The obtained rGO was used as a nanofiller to prepare PLA/PDeF/rGO nanocomposite films via a solvent casting procedure, similarly to what was reported in [27]. The two polymer phases were dried at 50 °C overnight and dissolved in a mixture of chloroform and HFIP (9:1 vol:vol). The concentration of the polymer solution was 4 g in 100 mL solvent. The obtained solutions were stirred at 300 rpm at 50 °C for 2 h, and then a certain amount of rGO suspension was added to the polymer solution, according to the desired rGO concentration in the final nanocomposite film. The rGO suspension was prepared by dispersing a proper amount of rGO in chloroform (1 mg/mL) by tip-ultrasonication (UP-400S, Hielscher Ultrasonics GmbH, Teltow, Germany) for three hours. The volume of rGO suspension added to the polymer solution was varied to reach the desired rGO concentrations in the final nanocomposites. The PLA/PDoF/rGO suspensions were magnetically stirred at 300 rpm at 50 °C for 3 additional hours, then mildly ultrasonicated in a Labsonic LBS1 bath (Falc Instruments Srl, Bergamo, Italy) to remove air bubbles, cast in glass Petri dishes, and dried at R.T. for 24 h and at 50 °C for 5 h. In this way, 50 µm-thick nanocomposite films were prepared with a concentration of rGO varying between 0 and 2 phr. The production process is schematized in Figure 1, while

Table 1. List of prepared samples with nominal weight composition.

Sample	PLA (wt%) *	PDeF (wt%) *	rGO (phr) **
PLA	100	0	0
PLA-rGO0.25	100	0	0.25
PLA-rGO2	100	0	2
PLA-PDeF10	90	10	0
PLA-PDeF10-rGO0.25	90	10	0.25
PLA-PDeF10-rGO0.5	90	10	0.5
PLA-PDeF10-rGO1	90	10	1
PLA-PDeF10-rGO2	90	10	2

* Weight fractions of PLA and PDeF sum up to 100%; ** phr = parts per hundred resin (grams every 100 g of total polymer mass (PLA + PDeF)).

. lists the prepared films with their nominal weight composition.

2.3. Characterization

The microstructure of the prepared films was investigated via the observation of the cryofracture surfaces with a field-emission scanning electron microscope (FE-SEM) Zeiss Supra 60 (Carl Zeiss AG, Oberkochen, Germany), after sputtering with Pt-Pd.

Attenuated total reflectance Fourier-transformed infra-red (ATR-FTIR) spectroscopy was performed on the prepared films with a Perkin-Elmer Spectrum One instrument (Perkin Elmer GmbH, Waltham, MA, USA), in the range 650–4000 cm⁻¹, with 100 scans per spectrum (d = 4 cm⁻¹).

Differential scanning calorimetry (DSC) was carried out via a Mettler DSC 30 (Mettler Toledo, Inc., Columbus, OH, USA).

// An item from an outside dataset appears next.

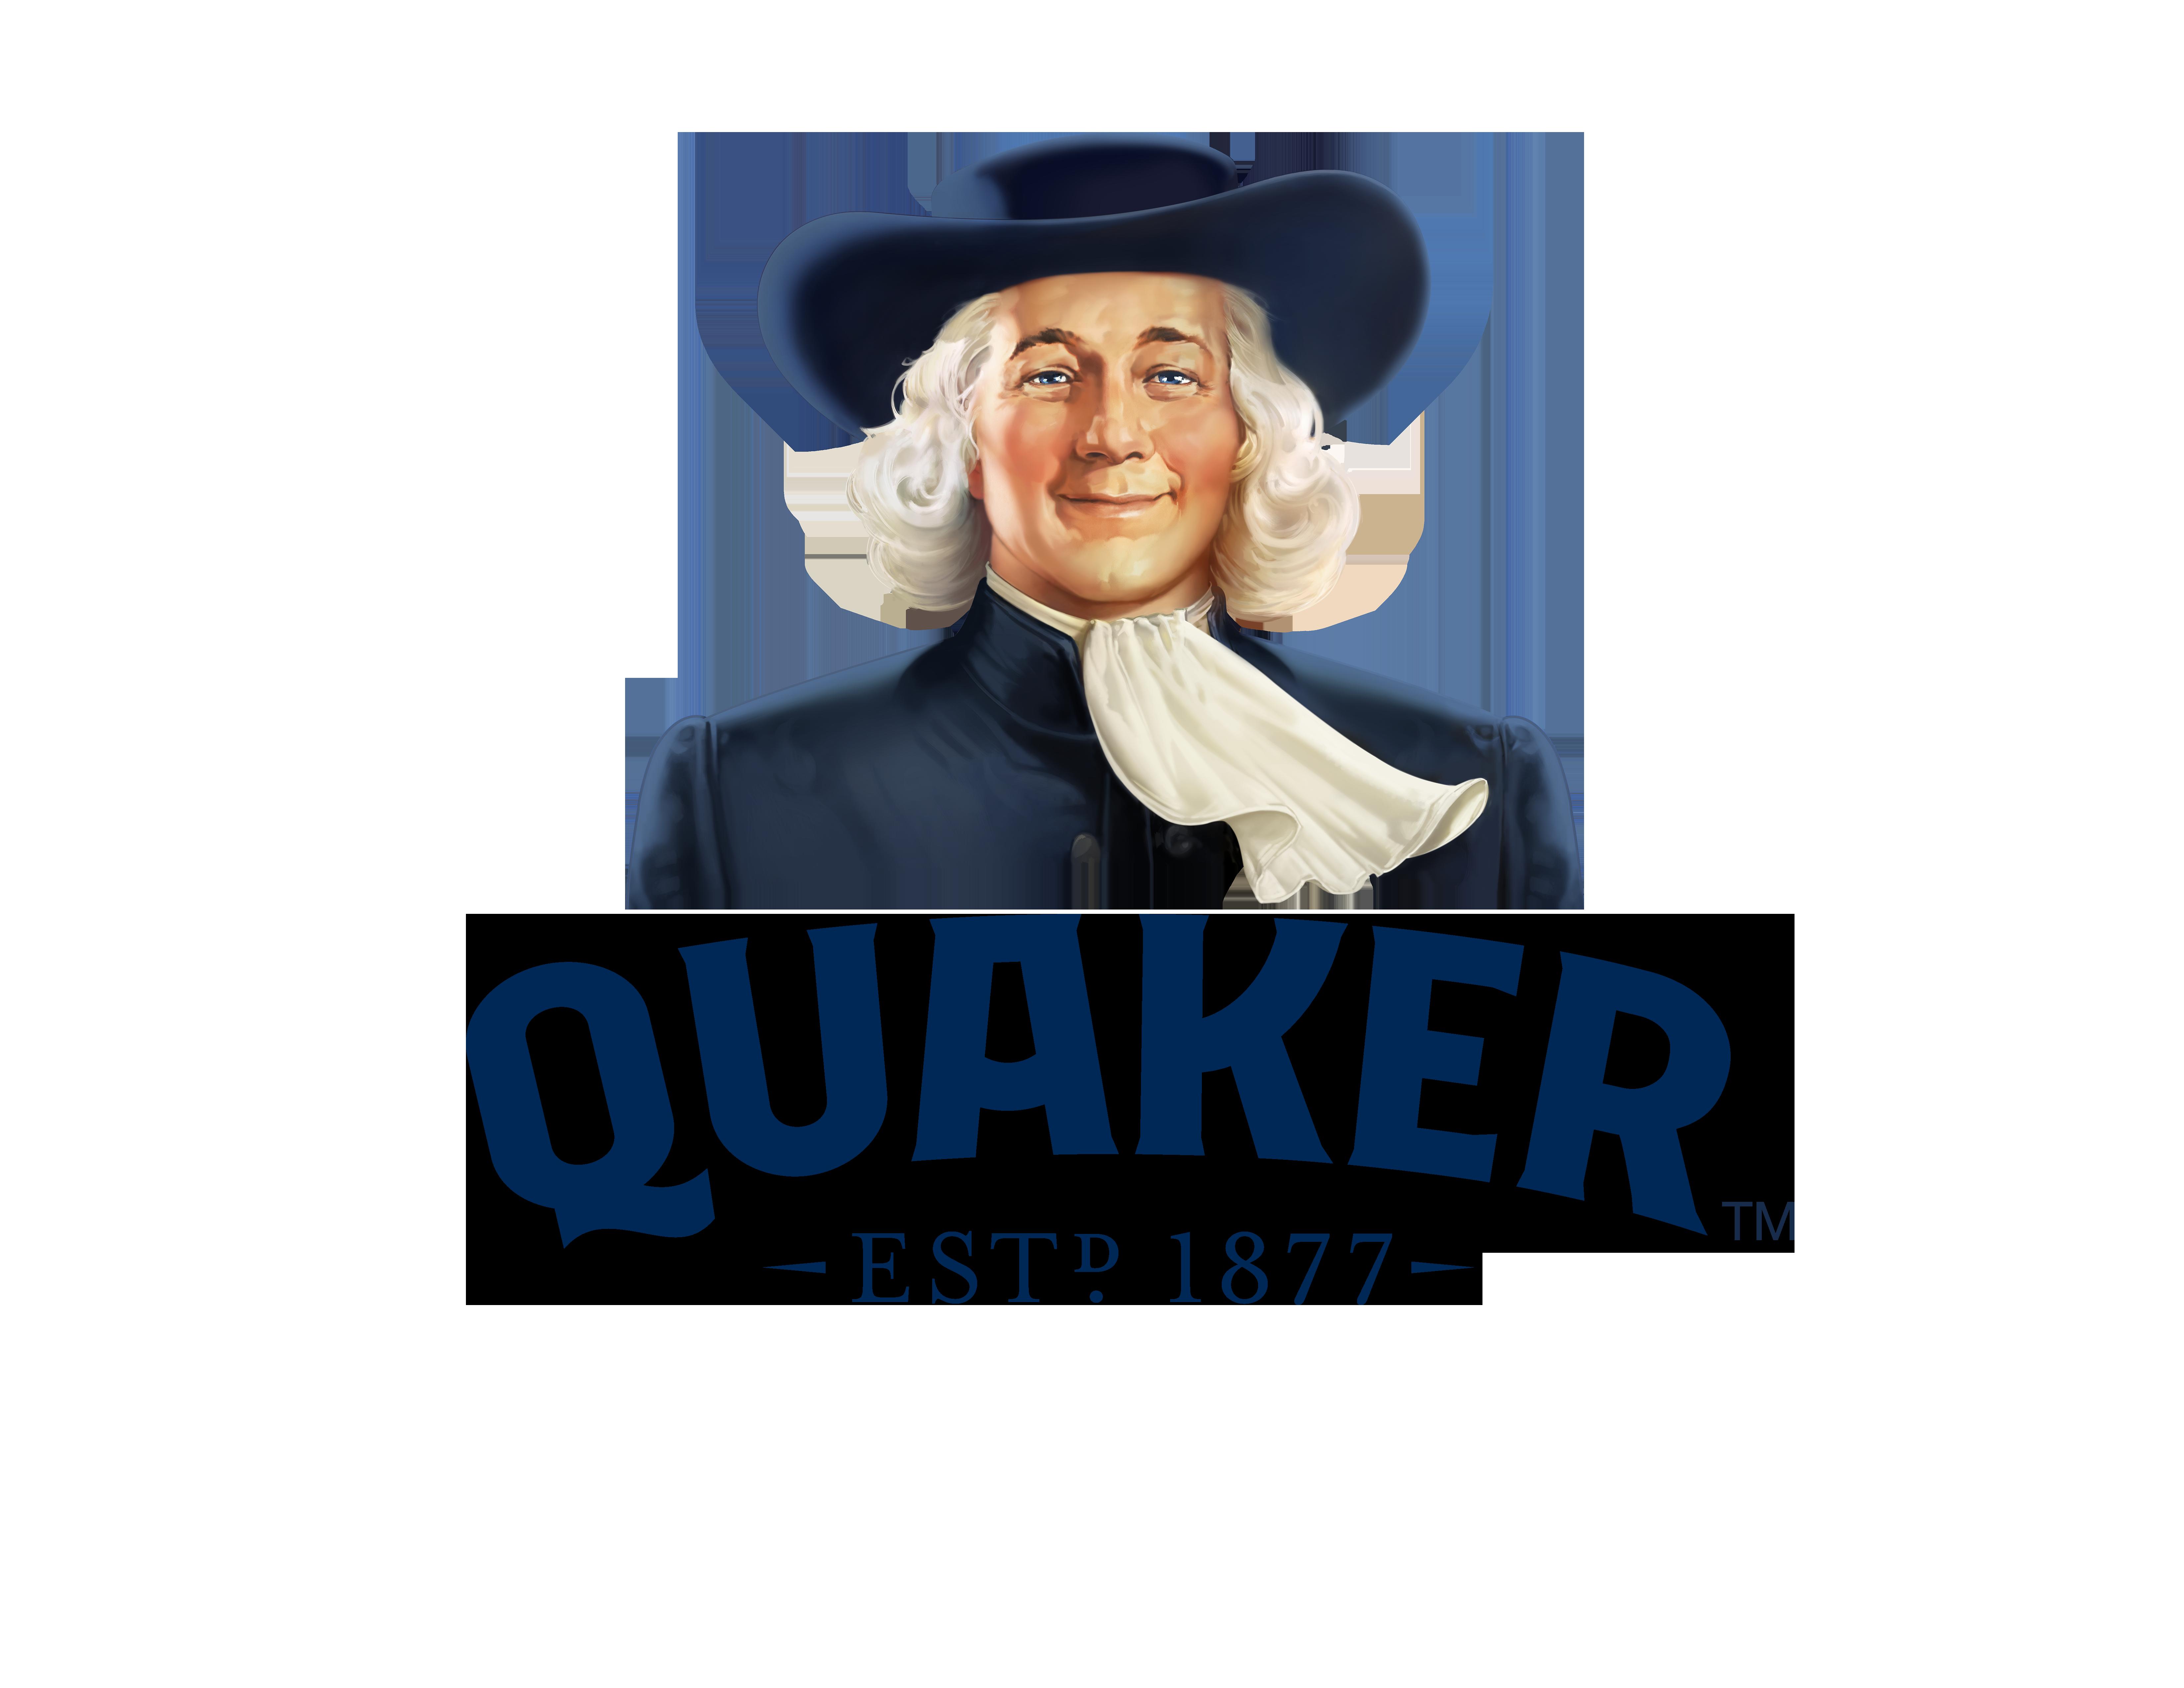 Quaker Oats-logo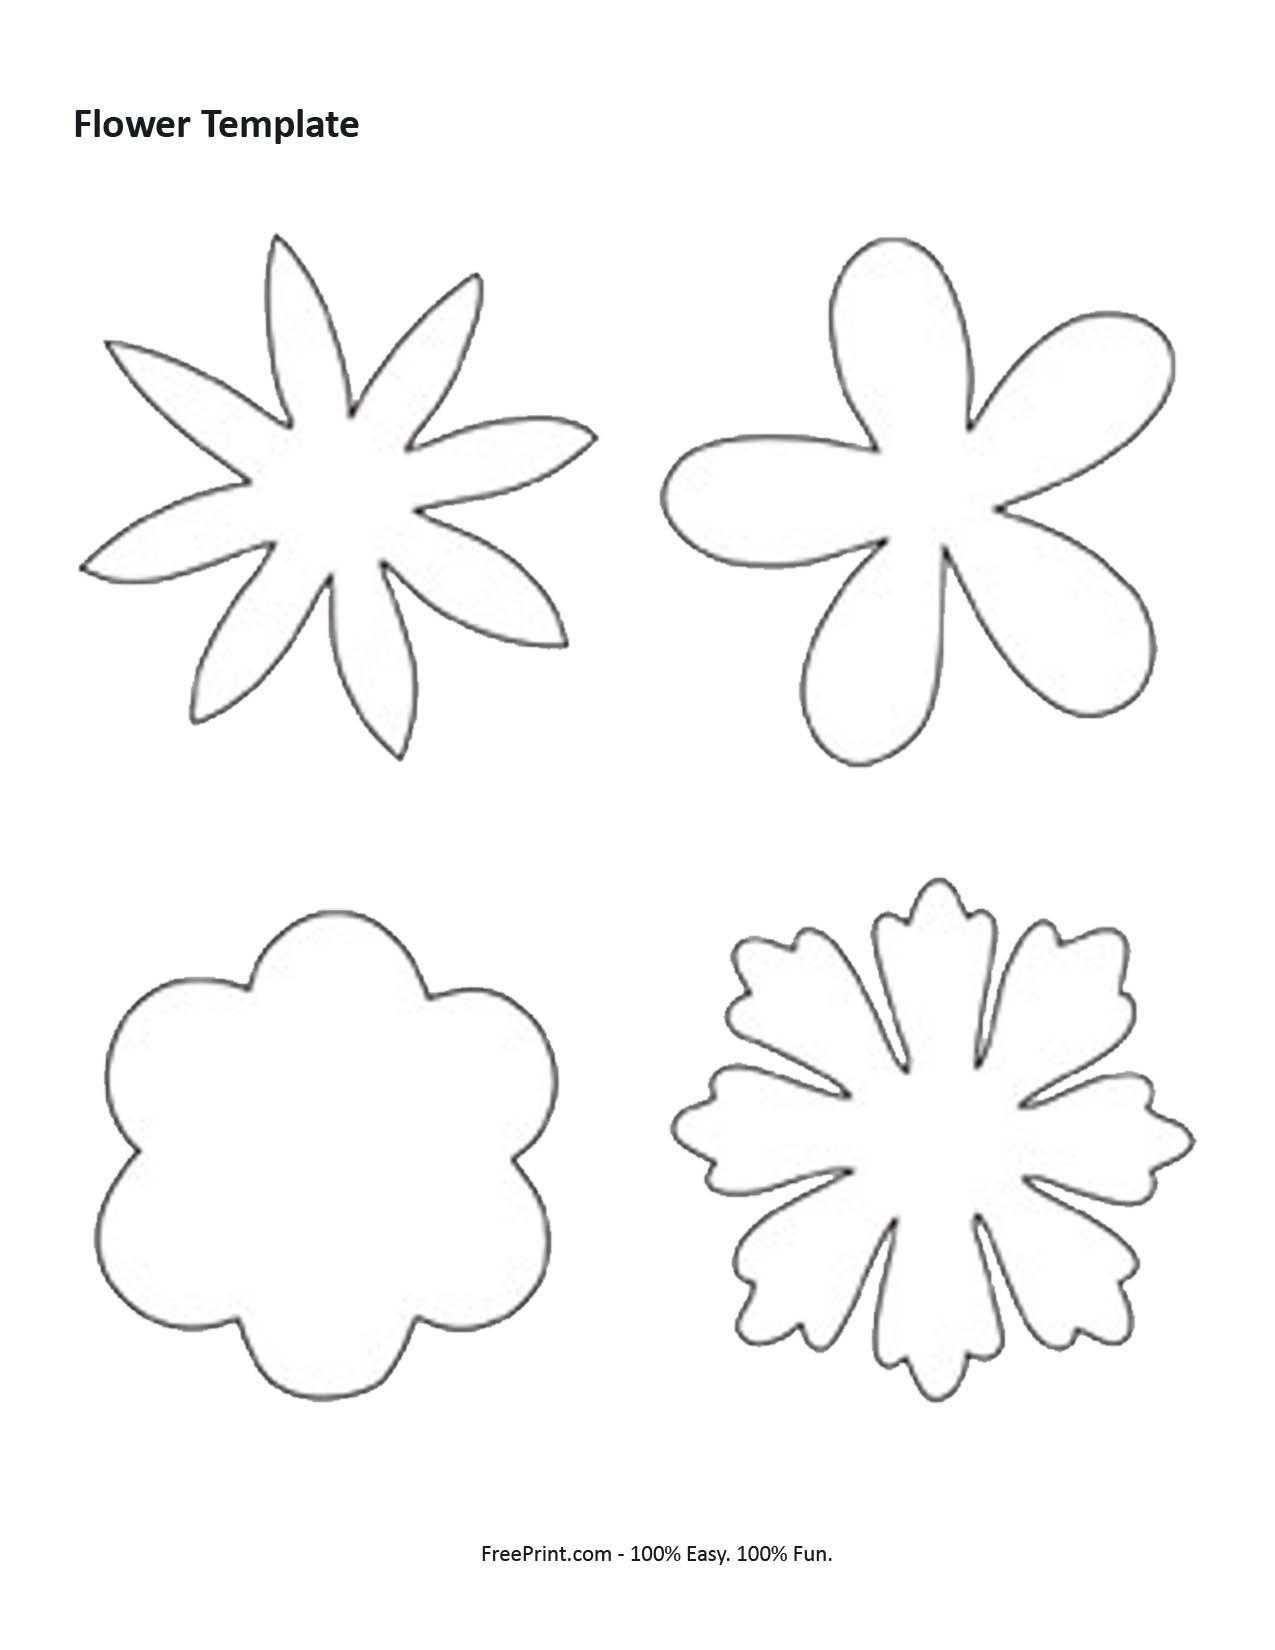 Printable Flower Templates

Specimens (one per composition) of approx. 5 mg were subjected to a first heating scan, a cooling scan, and a second heating scan between −50 and 200 °C at ±10 °C/min, with an N₂ flow of 100 mL/min. This test led to the measurement of the glass transition, melting, cold crystallization, and crystallization temperatures ($T_g, T_m,$ $T_{cc},$ $T_c$) and enthalpy values ($\Delta H_m$, $\Delta H_{cc}$, $\Delta H_c$) of both polymer phases. The crystallinity of PLA (${{\rm X}}_c^{PLA}$) and PDeF (${{\rm X}}_c^{PDeF}$) in the samples were calculated via Equations (1) and (2):

$${{\rm X}}_c^{PLA}=\frac{\Delta H_m^{PLA}-\Delta H_{cc}^{PLA}}{w^{PLA}·\Delta H_0^{PLA}}·100$$

(1)

$${{\rm X}}_c^{PDeF}=\frac{\Delta H_m^{PDeF}-\Delta H_{cc}^{PDeF}}{w^{PDeF}·\Delta H_0^{PDeF}}·100$$

(2)

where $w^{PLA}$ and $w^{PDeF}$ are the PLA and PDeF mass fractions, respectively, and $\Delta H_0^{PLA}$ and $\Delta H_0^{PDeF}$ are the theoretical melting enthalpy of fully crystalline PLA and PDeF, i.e., 93.7 J/g [37] and 153 J/g [36], respectively.

Thermogravimetric analysis (TGA) was performed with a Q5000IR thermobalance (TA Instruments, Inc., New Castle, DE, USA). Specimens (one per composition) of approx. 4 mg were tested up to 700 °C at 10 °C/min, under a nitrogen flow of 10 mL/min. These tests led to the measurement of the residual mass at 150 °C after the complete removal of the residual solvent ($m_{{150}^{\circ }\mathrm{C}}$), the onset temperature of degradation, determined with the tangent method ($T_{onset}$), and the peak degradation temperature, corresponding to the peak of the mass loss derivative (DTG) curve ($T_d$).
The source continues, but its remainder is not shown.